• What the task asks:
Everything from the line containing "Photo of 21" through the last line of the listing below should be returned exactly, except for pictures.
[[ Material provided open ]]
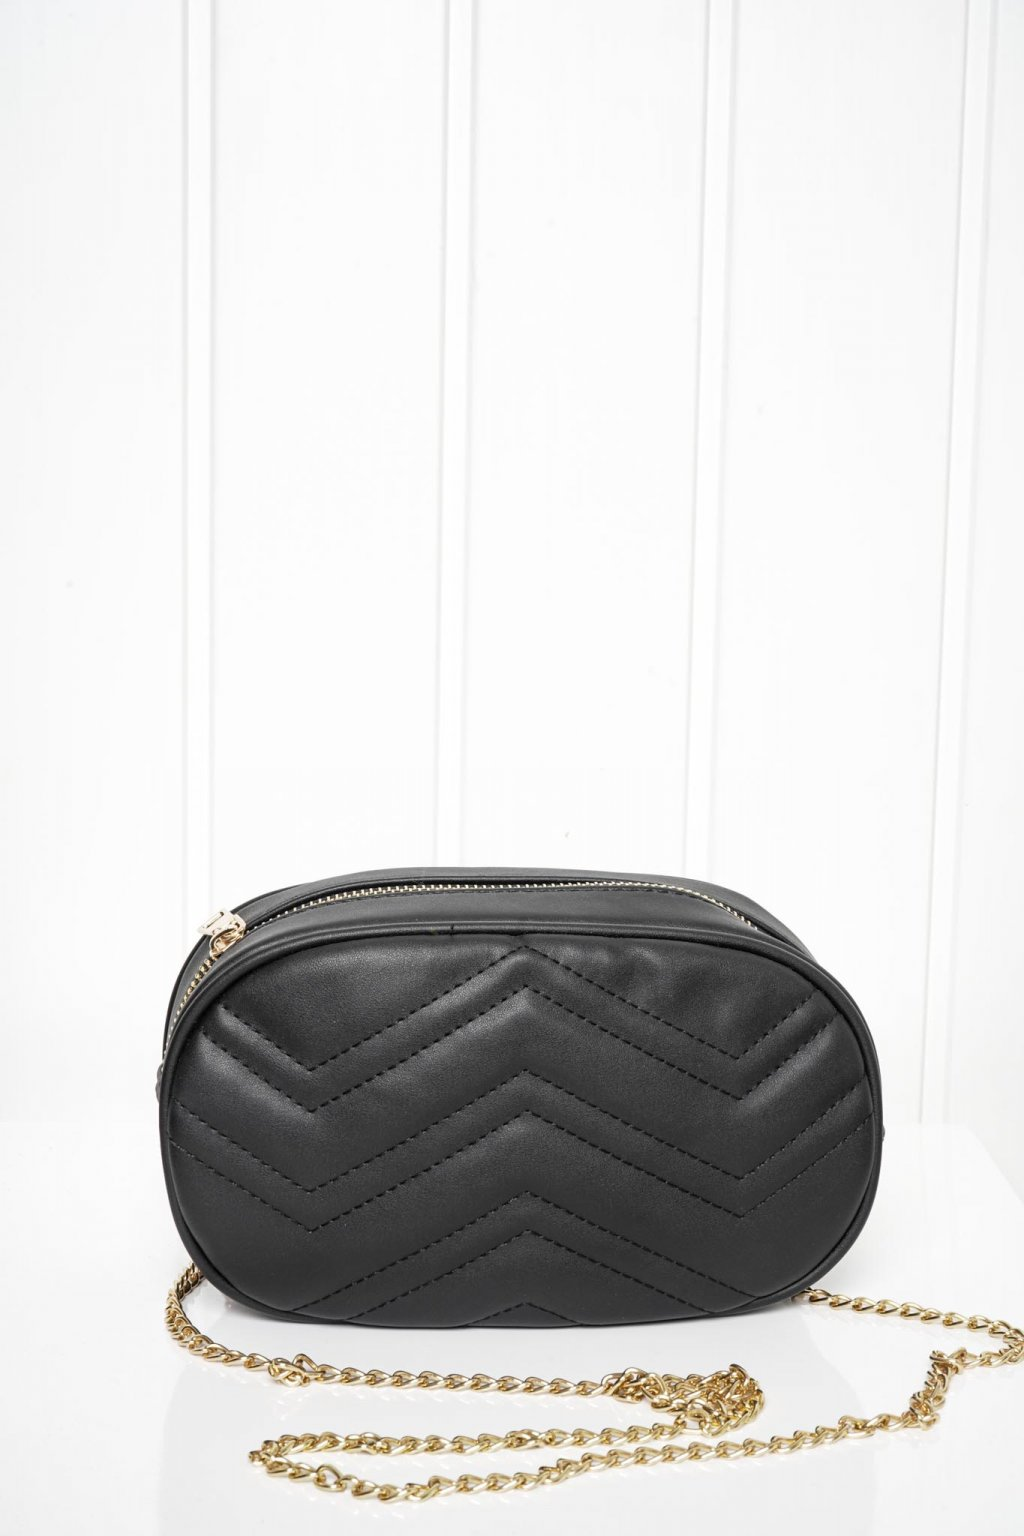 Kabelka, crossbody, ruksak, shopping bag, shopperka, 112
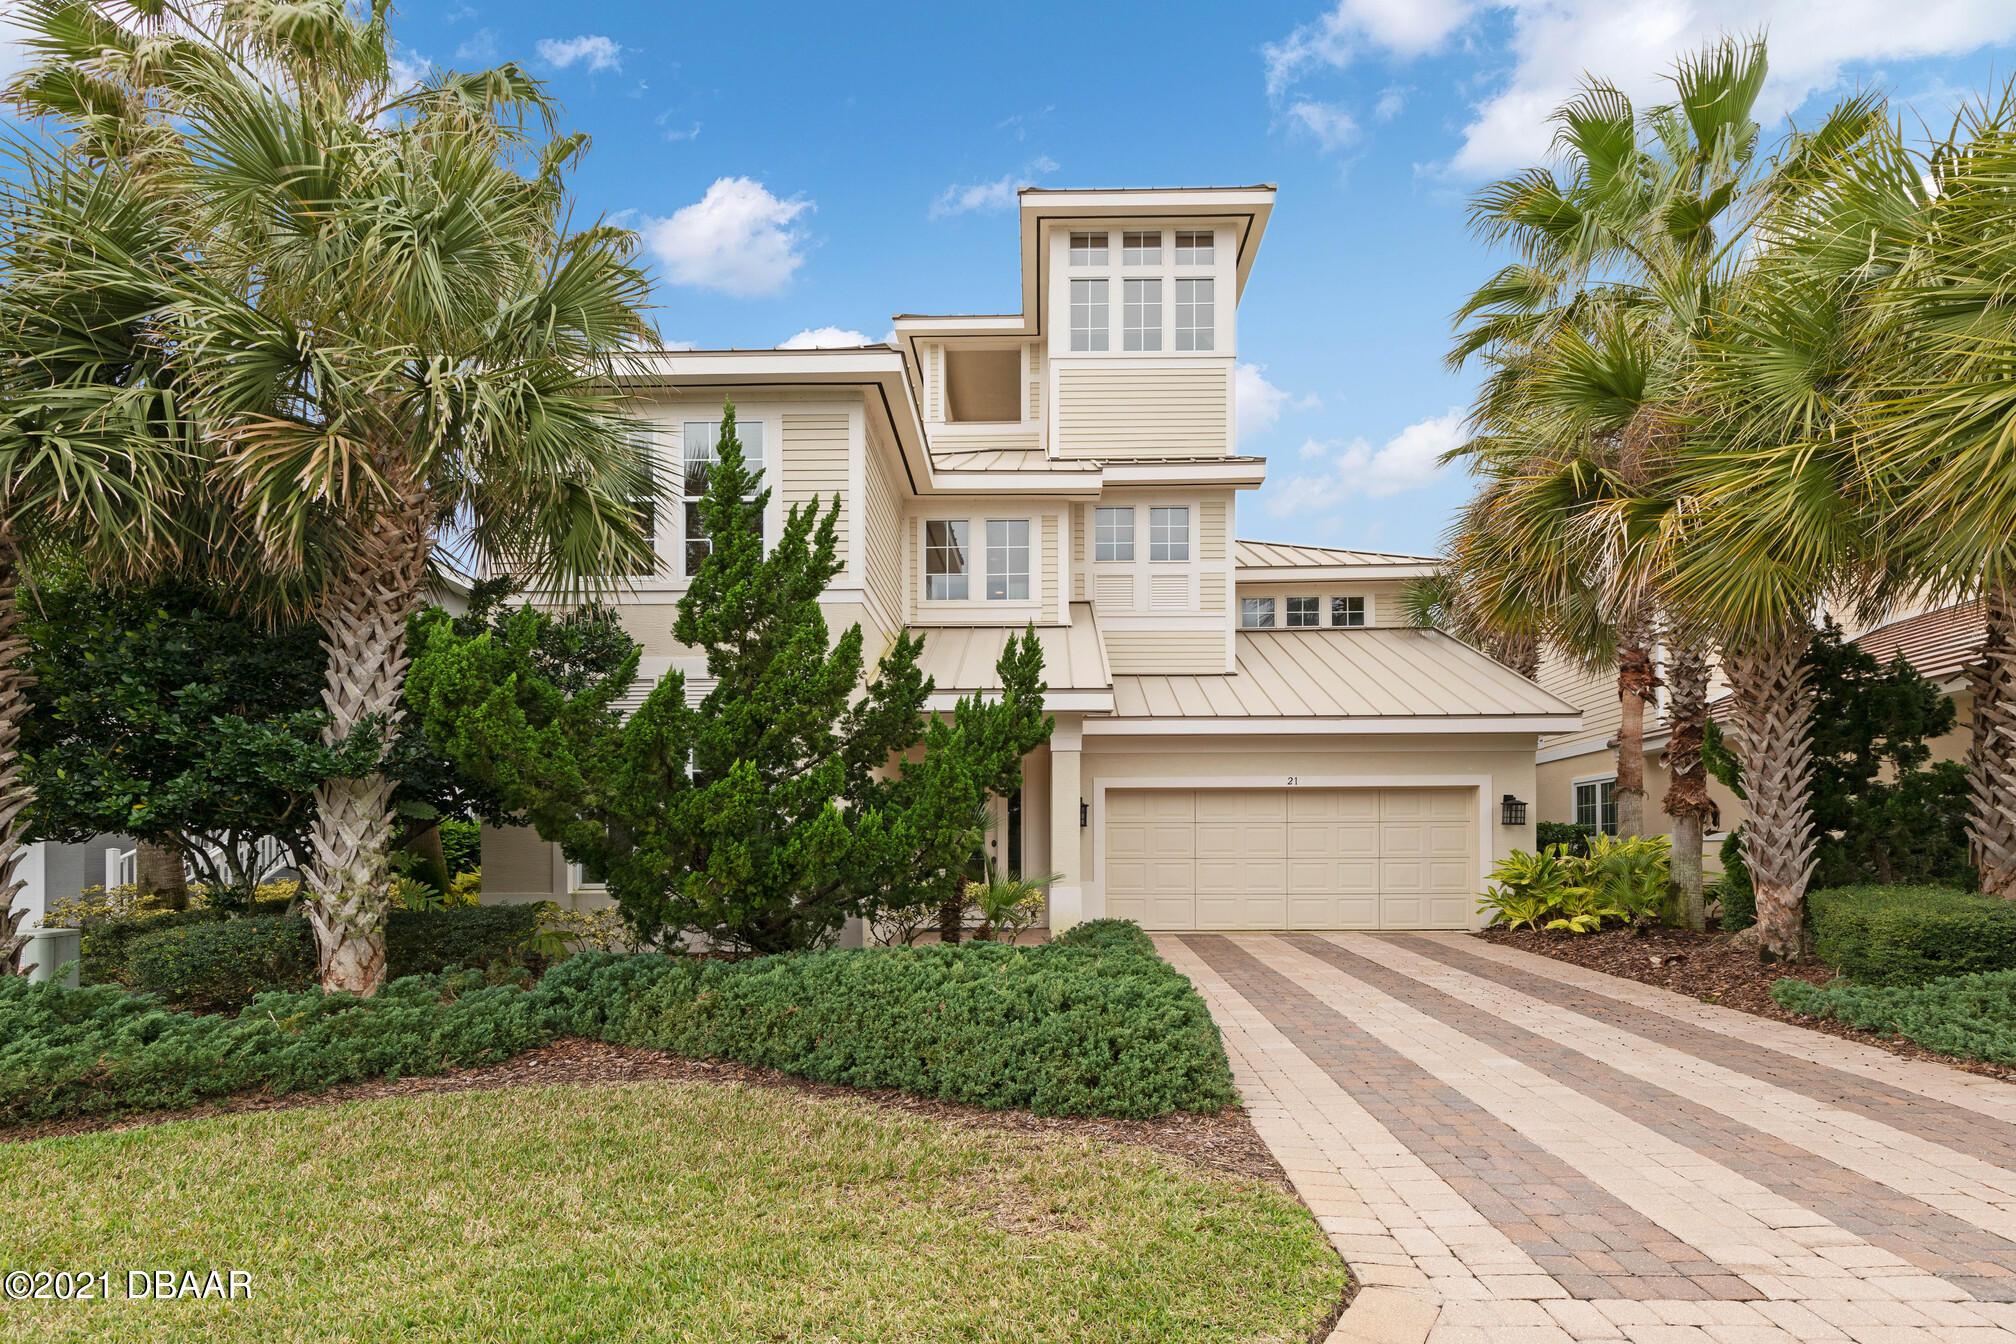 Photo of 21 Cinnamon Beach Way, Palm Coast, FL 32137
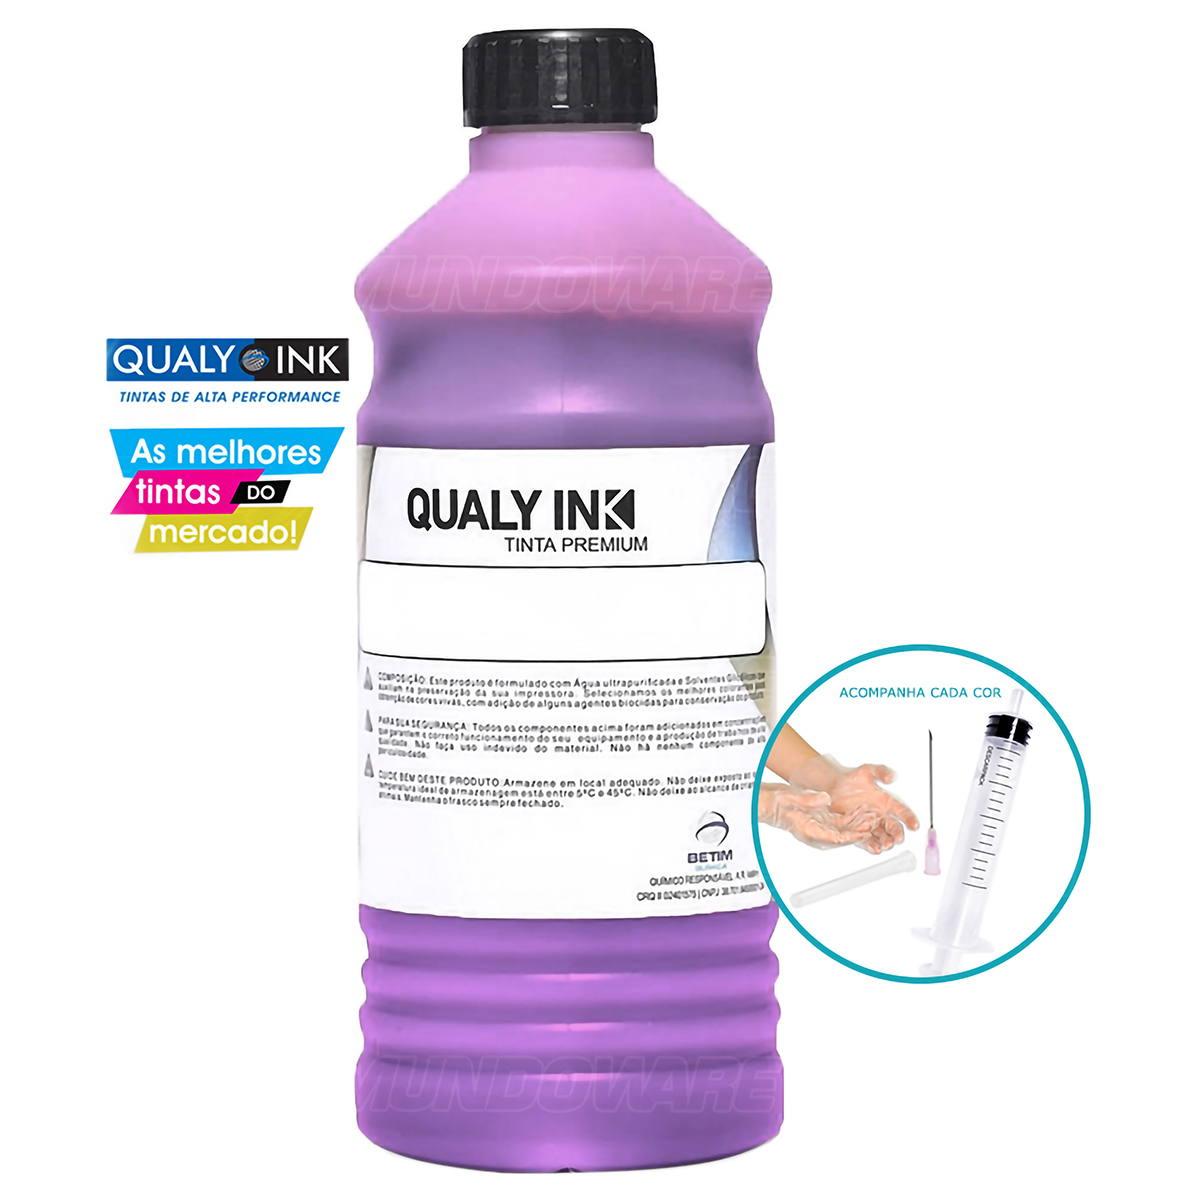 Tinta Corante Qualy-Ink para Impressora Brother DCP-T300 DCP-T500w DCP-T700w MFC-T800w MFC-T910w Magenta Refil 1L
[[ Material provided closed ]]
• Solution:
 Photo of 21 Cinnamon Beach Way, Palm Coast, FL 32137
 Tinta Corante Qualy-Ink para Impressora Brother DCP-T300 DCP-T500w DCP-T700w MFC-T800w MFC-T910w Magenta Refil 1L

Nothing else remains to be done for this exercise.